The Marine Corps Family knows what you are going through...and our Marine's know what your Recruit is going through...Hang Tough Mom.
We are here for you and when you are feeling blue...do what your Recruit is doing...Suck It Up...I know sometimes easier said than done huh?! (I swear I cried everyday Joe was away).

(((HUGS)))
Terry aka Marinemomtatt
VPVMM

P.S. Love the picture Radiofish...there's nothing FINER then a Squared Away Marine...Semper Fi


----------



## MullersLaneFarm (Jul 23, 2004)

Ooooh Rah!

All is good to go.

Thank you RadioFish.

As I wrote Terry in a PM, this wasn't a last minute decision, but something this recruit has planned for the past 11 years, since he was 10. One more week of Phase I, then on to Pendleton for Grass Week and Field Week.. He'll do well. He shoots almost as well as his Mama! LOL. Actually, he shoots a bit better, just a little bit!

His biggest complaint is the DIs "suck the fun" out of everything. He knows drill, he knows the history. He was looking forward to pugil sticks, O-course and confidence course ... fun-suckers!! 

I'm proud as a Mama can be that he was assigned as 2nd squad leader and 3 weeks later, still holds that position. He plans on doing what is necessary to keep it until graduation.

I'm active on the recruit parents. com website and will be setting up a prayer virgil when our platoon goes through the crucible.

Hollywood Marine, eh? That's a new one for me.

Got a couple bumper stickers from Sgt Grit

"Before there was boot camp, there was Mom"

"My SON is a MARINE"

"I may look harmless, but I raised a MARINE"

Also got an eagle, globe, anchor cross coin to give to him at graduation. Not that he needs reminding of who and what he is.
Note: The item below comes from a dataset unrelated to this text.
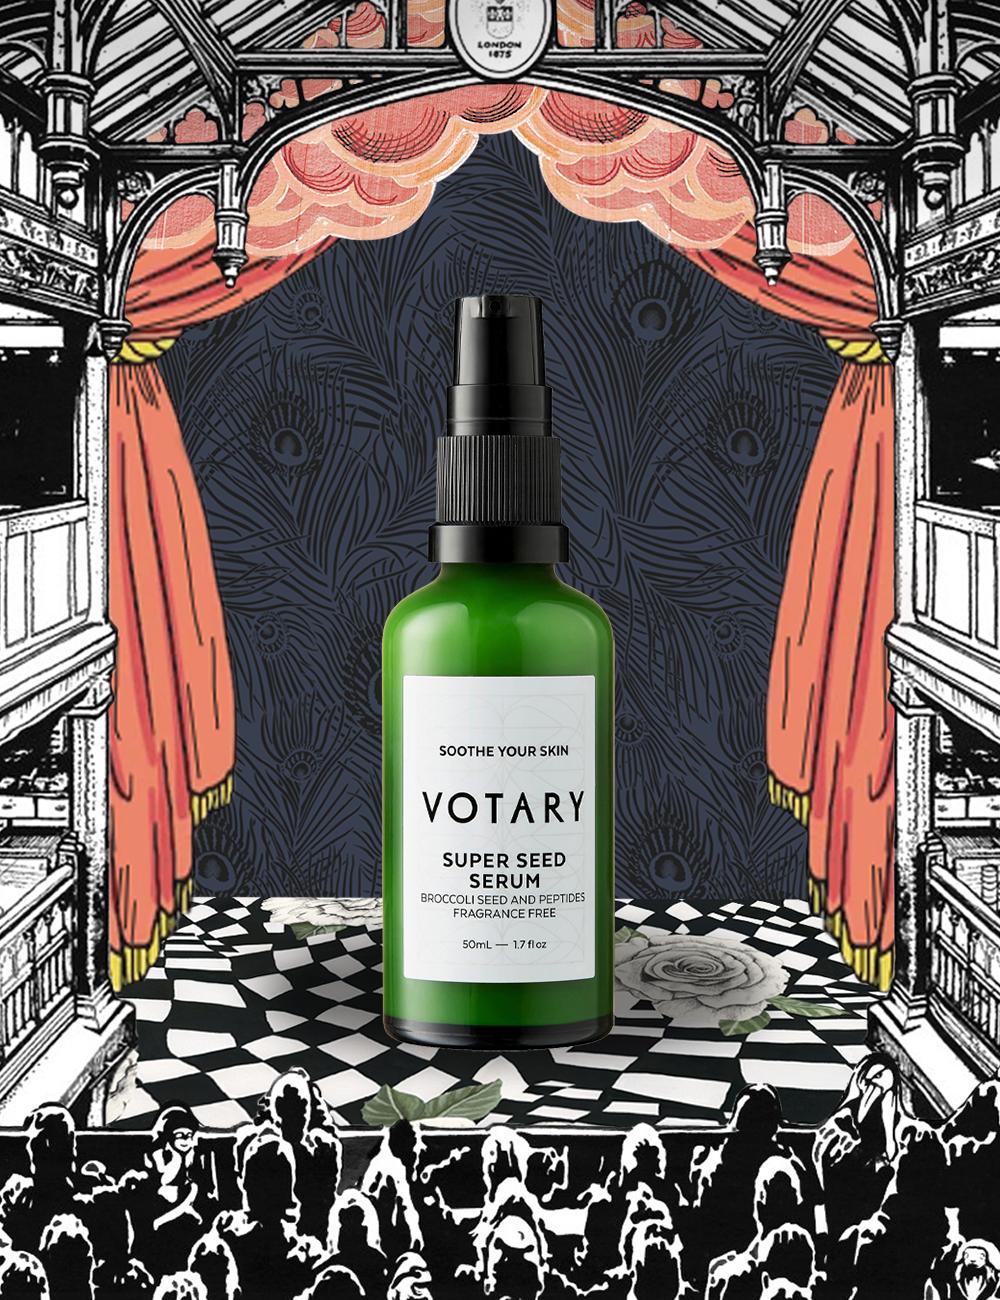 Votary Super Seed Serum Review

Thank you RadioFish, for your sacrifice and service in the best of the best.


----------



## marinemomtatt (Oct 8, 2006)

The bumper sticker that I still LOVE and my car wears with attitude is " Ain't nothin' meaner than a Marine... 'cept his Mama"


----------



## MullersLaneFarm (Jul 23, 2004)

Love that one!!!! ROFLMAO!!!


----------



## radiofish (Mar 30, 2007)

The Drill Instructors 'suck all of the fun', out of Recruit Training???? 

Pardon me, as I am laughing at that one!!! Marine Corps Boot Camp, is not know for it's pleasureable events... I distinctly remember trembling when my Senior Drill Instructor and the other Drill Instructors in our Platoon would put the fear of God into us at every moment we were at M.C.R.D... If they hadn't, then they would have not been doing their jobs of making future Marines!!!

You mean that your son hasn't had to be reminded of his "Military Right and Left??" At least the D.I.'s can not physically hit the Recruits anymore, but instead they can P.T. them until they drop for any transgressions from the training program!! Or when they catch the very personal attention, of one of their Drill Instructors!!!

I see that you know about Sgt. Grit, and their selling everything that a Marine (or their family) would ever need. I still shop there, and have some of their bumperstickers on my vehicles..

I think that your son, will always remember the rows of "yellow footprints" when he got off of the bus the very 1st time that he arrived at M.C.R.D. San Diego!! His very first exposure to the "Real Marine Corps"!!

Plus the Parris Island M.C.R.D. Marines are known as "Swamp Marines", compared to us " M.C.R.D. San Diego - Hollywood Marines!" There are some minor rivalaries, within the enlisted Marines.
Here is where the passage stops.